The Rulebook
Section 3(a)(39) of the Securities Exchange Act provides in pertinent part:
(39) A person is subject to a ''statutory disqualification'' with respect to membership or participation in, or association with a member of, a self-regulatory organization, if such person --
. . .
Statutory Disqualification for Willful Non-Disclosure(F) has committed or omitted any act, or is subject to an order or finding, enumerated in subparagraph (D), (E), (H), or (G) of paragraph (4) of section 15(b) of this title, has been convicted of any offense specified in subparagraph (B) of such paragraph (4) or any other felony within ten years of the date of the filing of an application for membership or participation in, or to become associated with a member of, such self- regulatory organization, is enjoined from any action, conduct, or practice specified in subparagraph (C) of such paragraph (4), has willfully made or caused to be made in any application for membership or participation in, or to become associated with a member of, a self-regulatory organization, report required to be filed with a self-regulatory organization, or proceeding before a self-regulatory organization, any statement which was at the time, and in the light of the circumstances under which it was made, false or misleading with respect to any material fact, or has omitted to state in any such application, report, or proceeding any material fact which is required to be stated therein.

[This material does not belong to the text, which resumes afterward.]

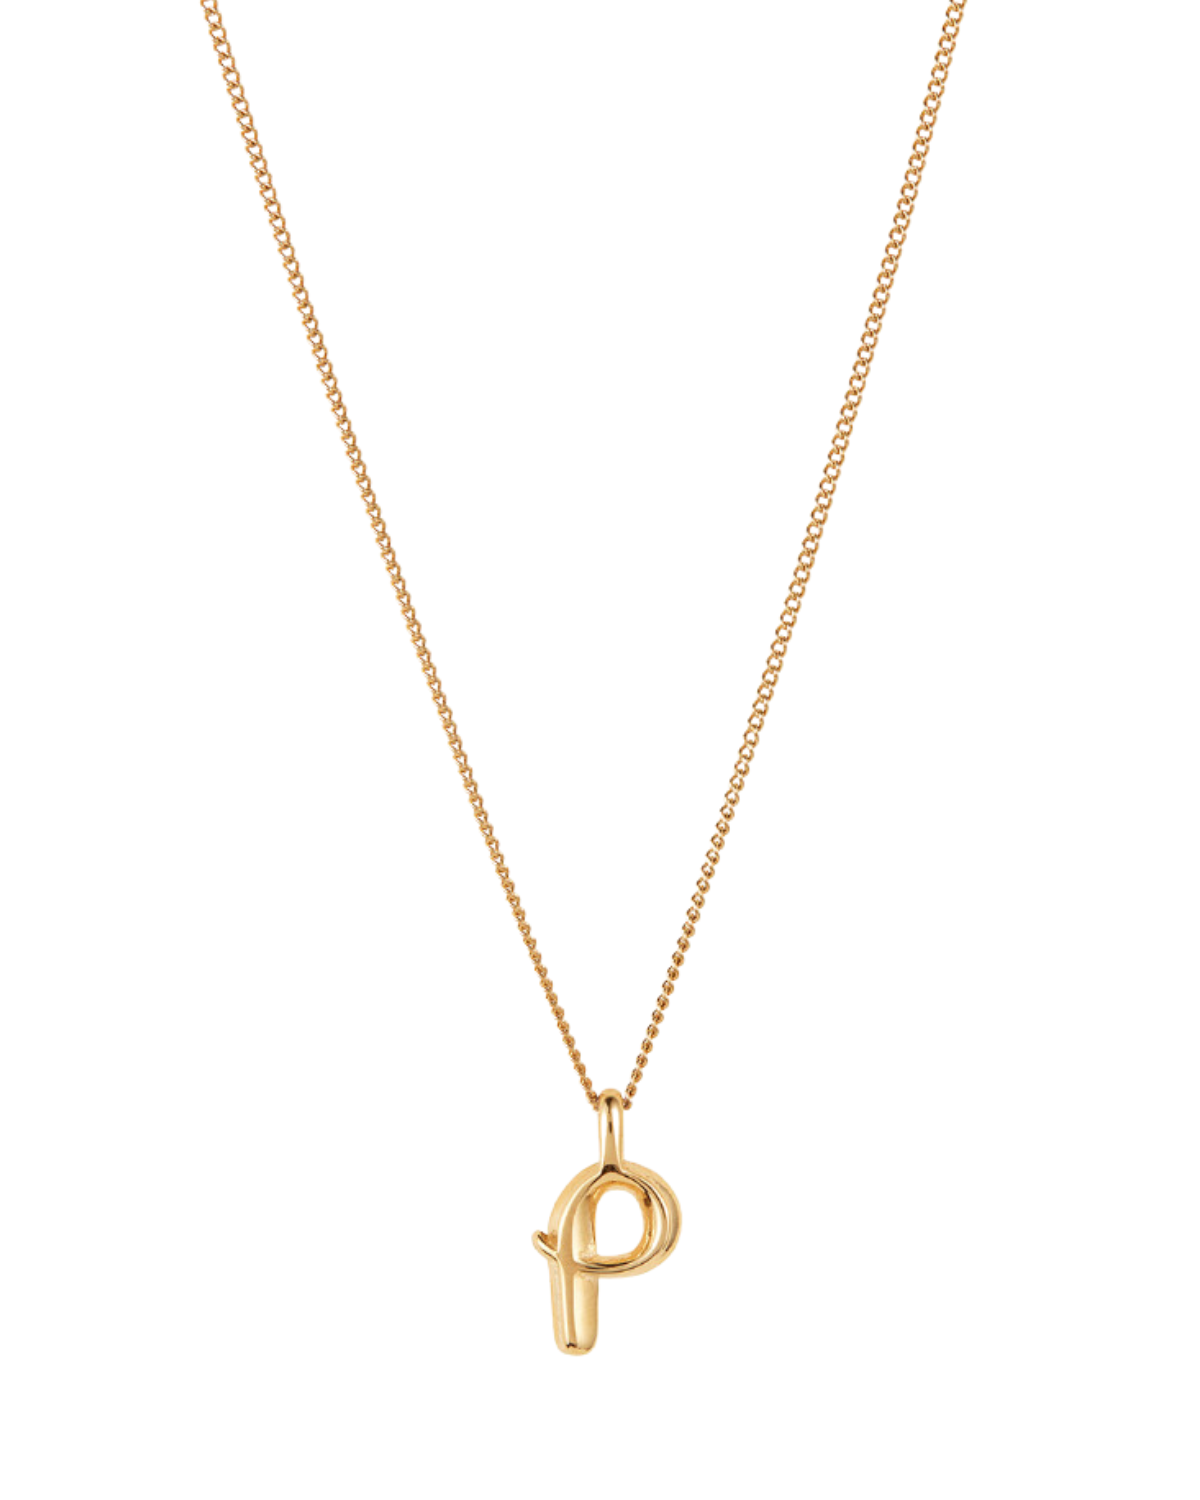 Monogram Necklace - P (Gold)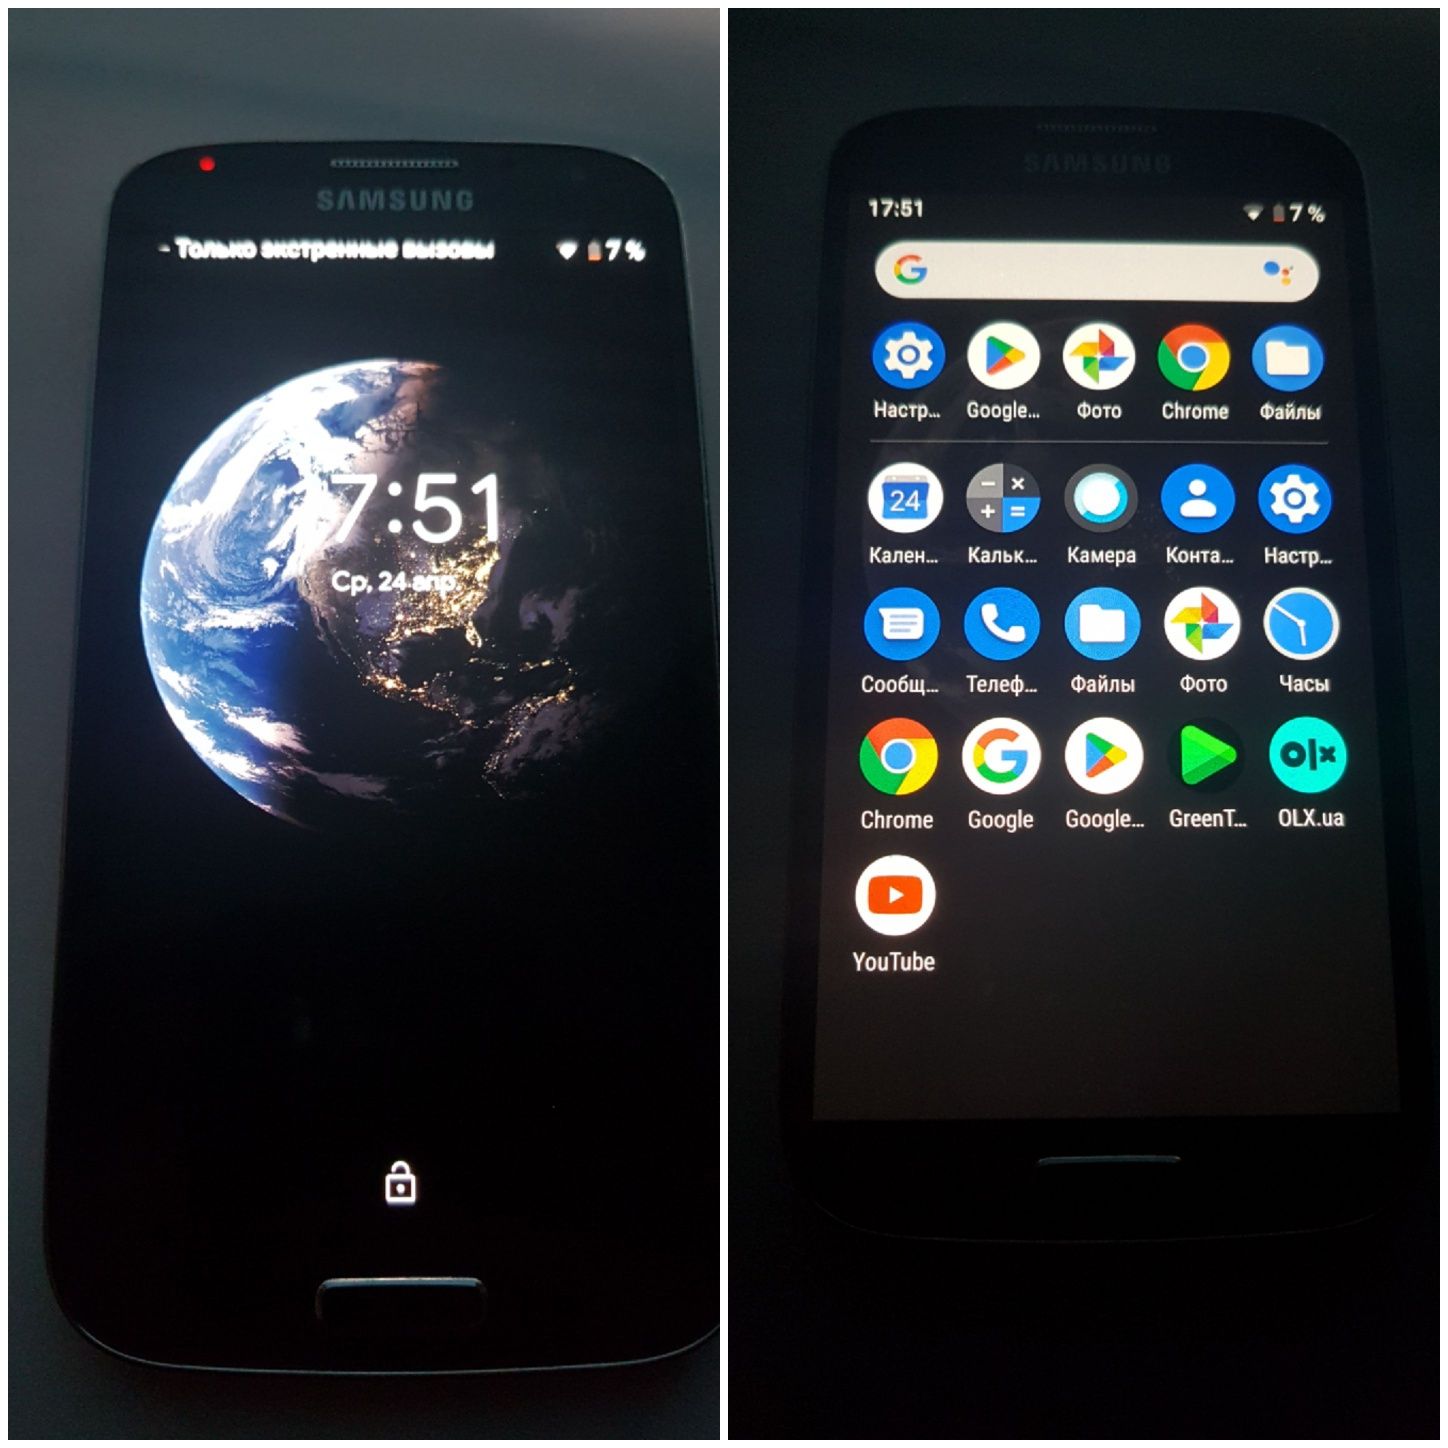 Samsung Galaxy S4 (Самсунг С4)

[A] willful violation of the securities laws means "intentionally committing the act which constitutes the violation."16 The laws do not require that the actor "also be aware that he is violating one of the Rules or Acts."17 If McCune voluntarily committed the acts that constituted the violation, then he acted willfully.=====Footnote 16: Tager v. SEC, 344 F.2d 5, 8 (2d Cir. 1965); see also Wonsover v. SEC, 205 F.3d 408, 414 (D.C. Cir. 2000) (citing Hughes v. SEC, 174 F.2d 969, 977 (D.C. Cir. 1949)); Craig, 2008 WL 5328784, at *4 (finding that respondent willfully violated IM 1000-1 and NASD Rule 2110 by providing false answers on his Form U4).Footnote 17: Wonsover, 205 F.3d at 414 (citing Gearheart & Otis, Inc. v. SEC, 348 F.2d 798 (D.C. Cir. 1965)).
Article V of FINRA's By-Laws:Application for Registration, Section 2 in part states:
(c) Every application for registration filed with the Corporation shall be kept current at all times by supplementary amendments via electronic process or such other process as the Corporation may prescribe to the original application. Such amendment to the application shall be filed with the Corporation not later than 30 days after learning of the facts or circumstances giving rise to the amendment. If such amendment involves a statutory disqualification as defined in Section 3(a)(39) and Section 15(b)(4) of the Act, such amendment shall be filed not later than ten days after such disqualification occurs.
Definition of DisqualificationSec. 4. A person is subject to a "disqualification" with respect to membership, or association with a member, if such person is subject to any "statutory disqualification" as such term is defined in Section 3(a)(39) of the Act.
I understand that this settlement includes a finding that I willfully omitted to state a material fact on a Form U4, and that under Section 3(a)(39)(F) of the Securities Exchange Act of 1934 and Article III, Section 4 of FINRA's By-Laws, this these omissions make me subject to a statutory disqualification with respect to association with a member.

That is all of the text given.